The Tiger Barbs have great color, I had them to cycle my original 25g tank and they have faired well for the last 5 months...

The bala shark is just a total dunce... I guess its cool to watch it blow sand through his gills all day as he scans the bottom for food...

The pleco is still small, but he does his job efficiently... I hope he doesn't have a growth spurt anytime soon... I saw a 16" pleco at the LFS the other day... No thank you.


----------



## xenergyx (Feb 4, 2008)

This is the latest look of the tank after adding around 130 lbs of loon lake ledge rock....

Condensed most of my equipment into the back right corner to hide with rocks and plants...

Now I just need to paint the XP3 intake black, get in my black background, and then find some black prefilter sponges to get everything to match and blend in...


----------



## bmills (Apr 17, 2008)

Really interesting thread and the end photo of your tank is certainly looking nice and heading in the right direction.

My one question is the 5 day period between your last post of your empty tank and your first of it populated with fish - did you cycle with established substrate / filter material / additives etc?
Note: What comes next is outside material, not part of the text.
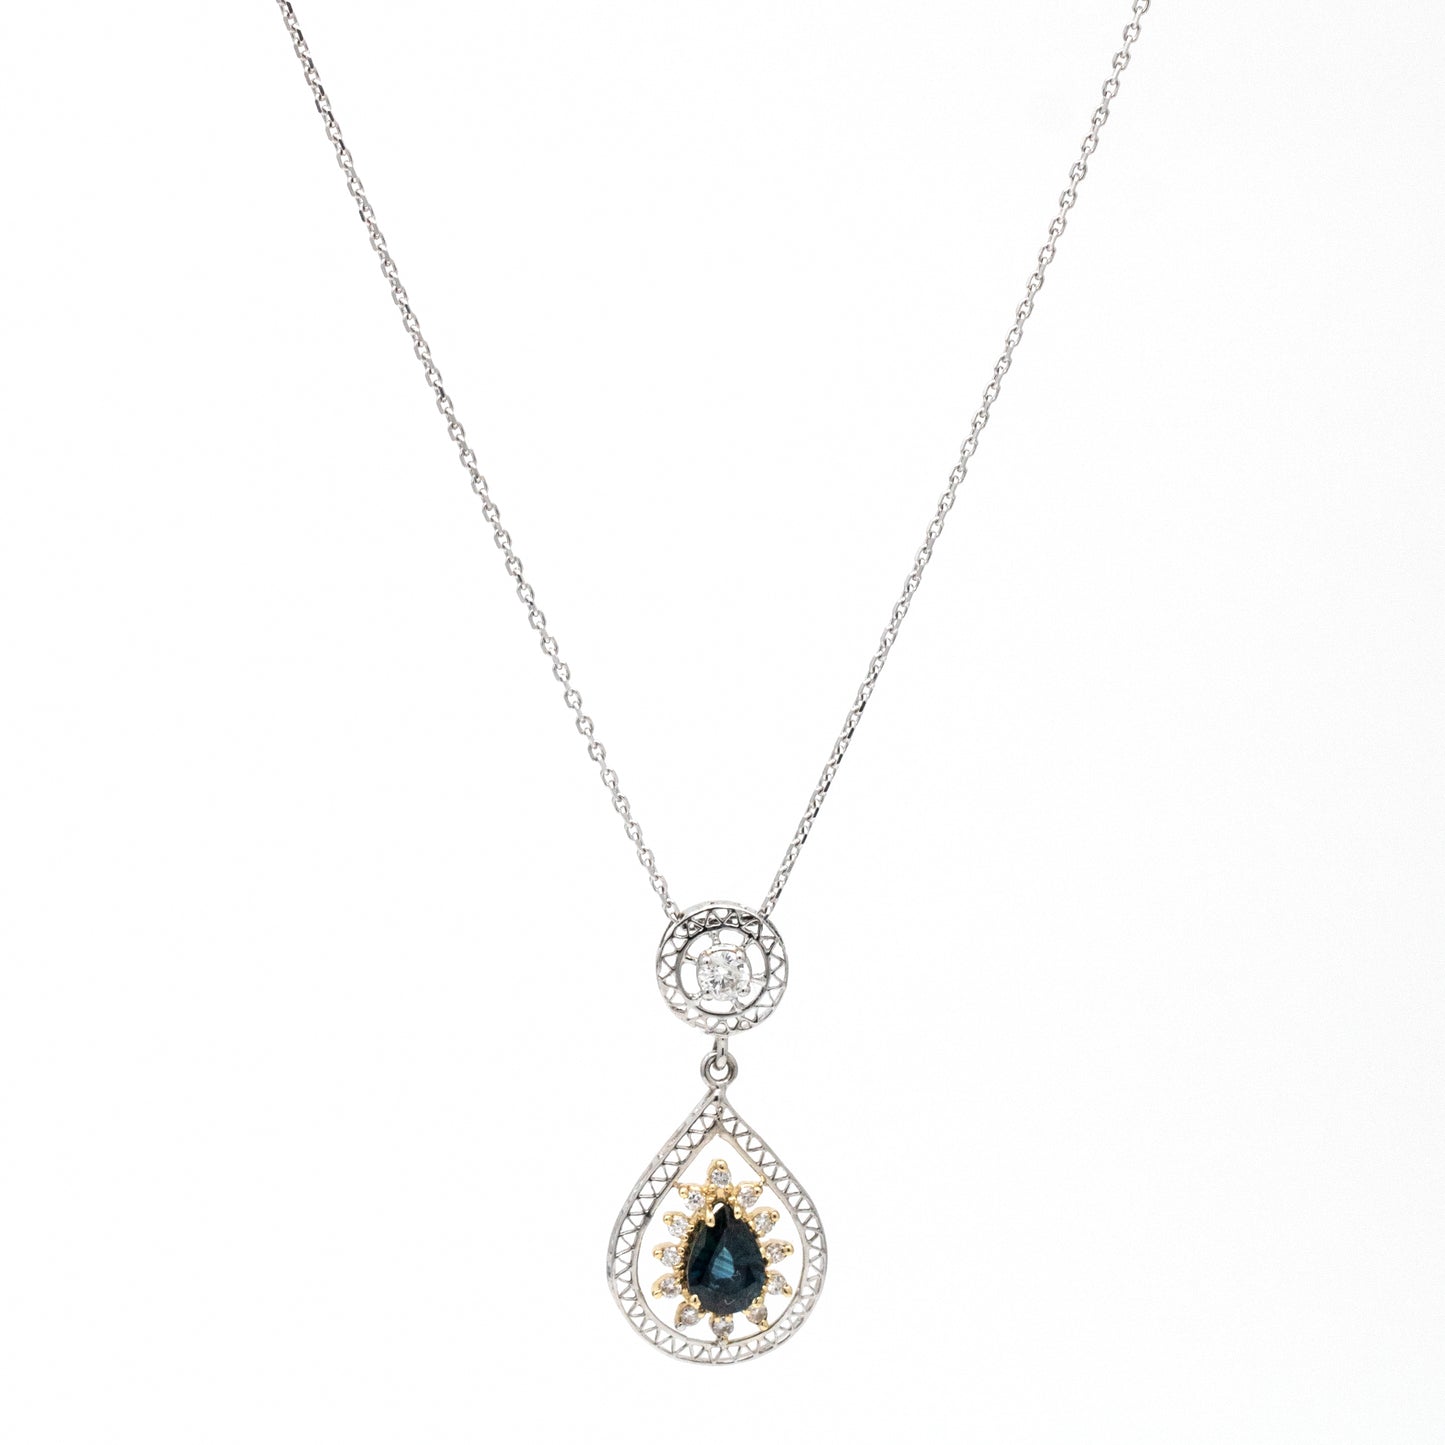 Stunning Women's 14k White Gold Diamond Blue Sapphire Dangle Pendant Necklace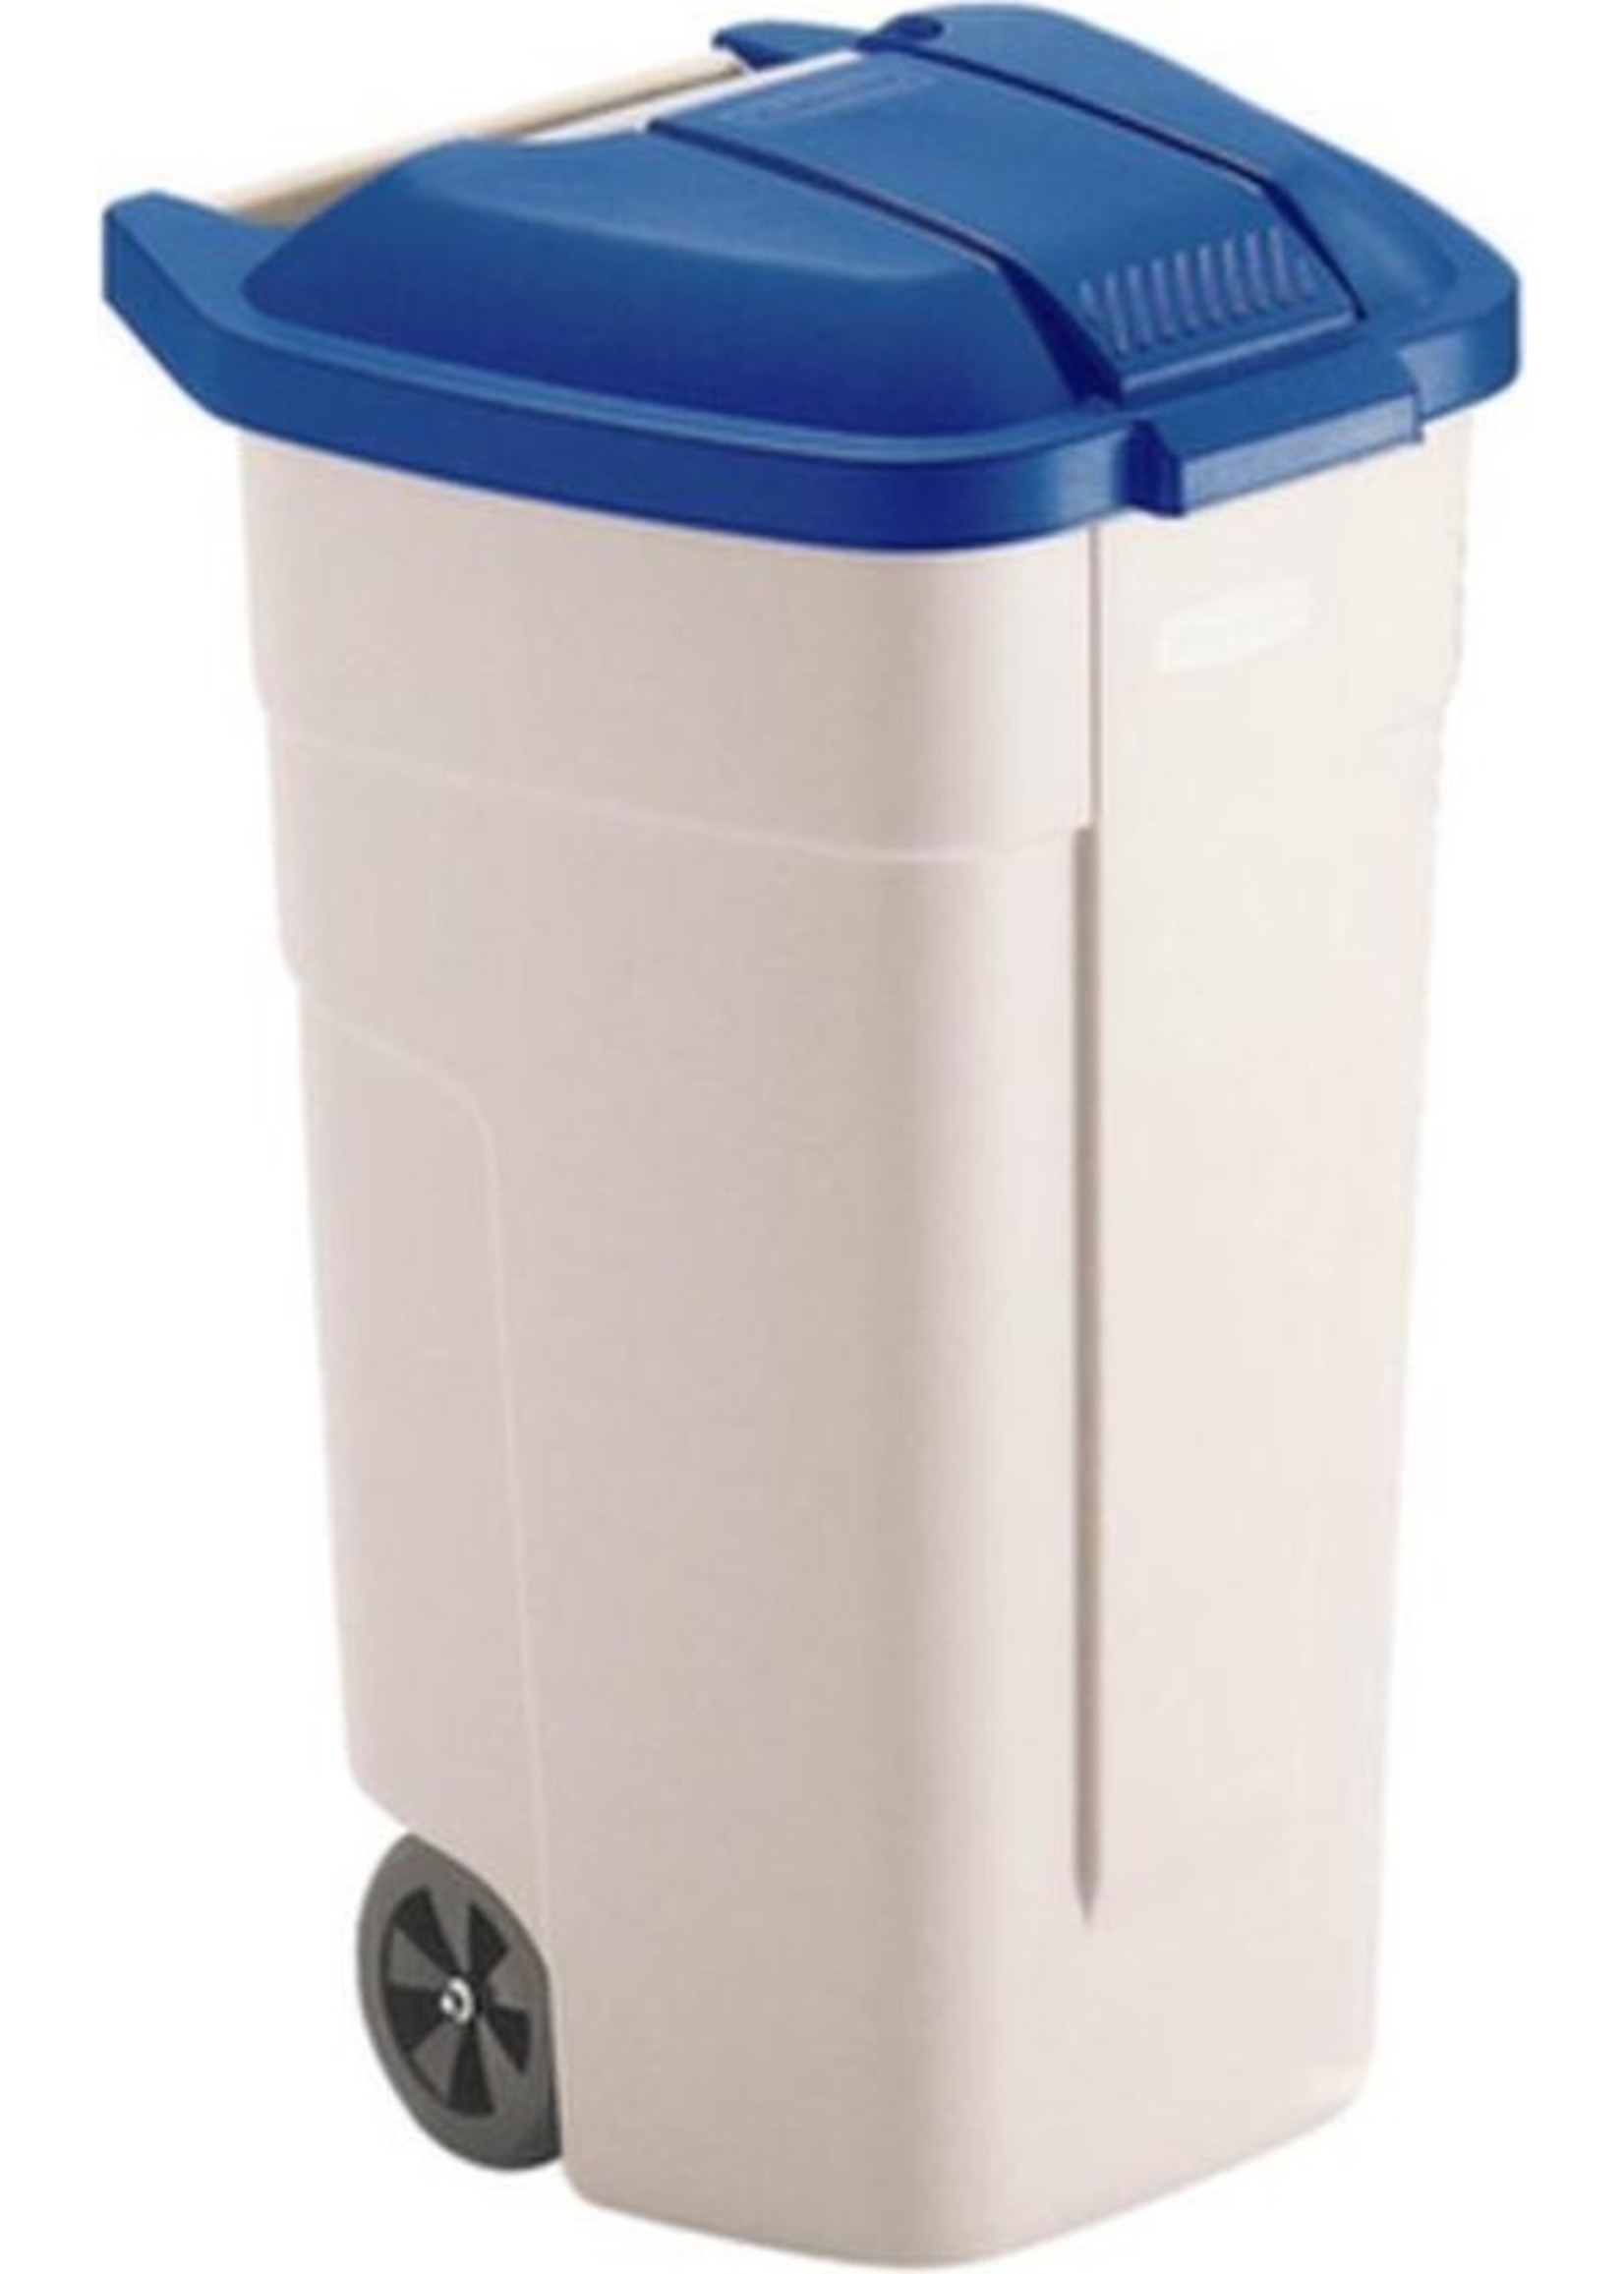 Rubbermaid Outdoor-Abfallbehälter 100 LTR, RUBBERMAID beige mit blauem Deckel

How did you manage water chemistry through the cycle?


----------



## xenergyx (Feb 4, 2008)

Thanks!! I got my black background in yesterday, so I am just a light fixture and canopy away from completion...

I made such a sudden switch after talking to a few people here about cycling/existing tanks & filters...

Basically the way I understand (and now have experience with) is that if you have filters on a fully cycled tank and move just the filters and fish to a brand new tank, the new tank should not need to cycle so long as the filters had a proper bacterial colony to begin with...

So after the switch, I used API liquid testing to confirm no ammonia no nitr*i*tes and near zero nitr*a*tes for the first week...

Now the nitr*a*tes are starting to increase but the other levels have remained perfectly 0 so either the test doesn't work (not likely) or the tank never had the chance to cycle..

I bought a rena XP3 for my big tank, used it on my 25 gallon to get it seeded, then moved both it and the original whisper 30 along with all the fish from the 25g to the new tank once it was filled and warm.

Lucky for me my algae bloom did not follow with the filters as my new tank is still perfectly clear with only a few smaller water changes... Maybe not being by a sliding glass door helps too, and not getting any direct sunlight.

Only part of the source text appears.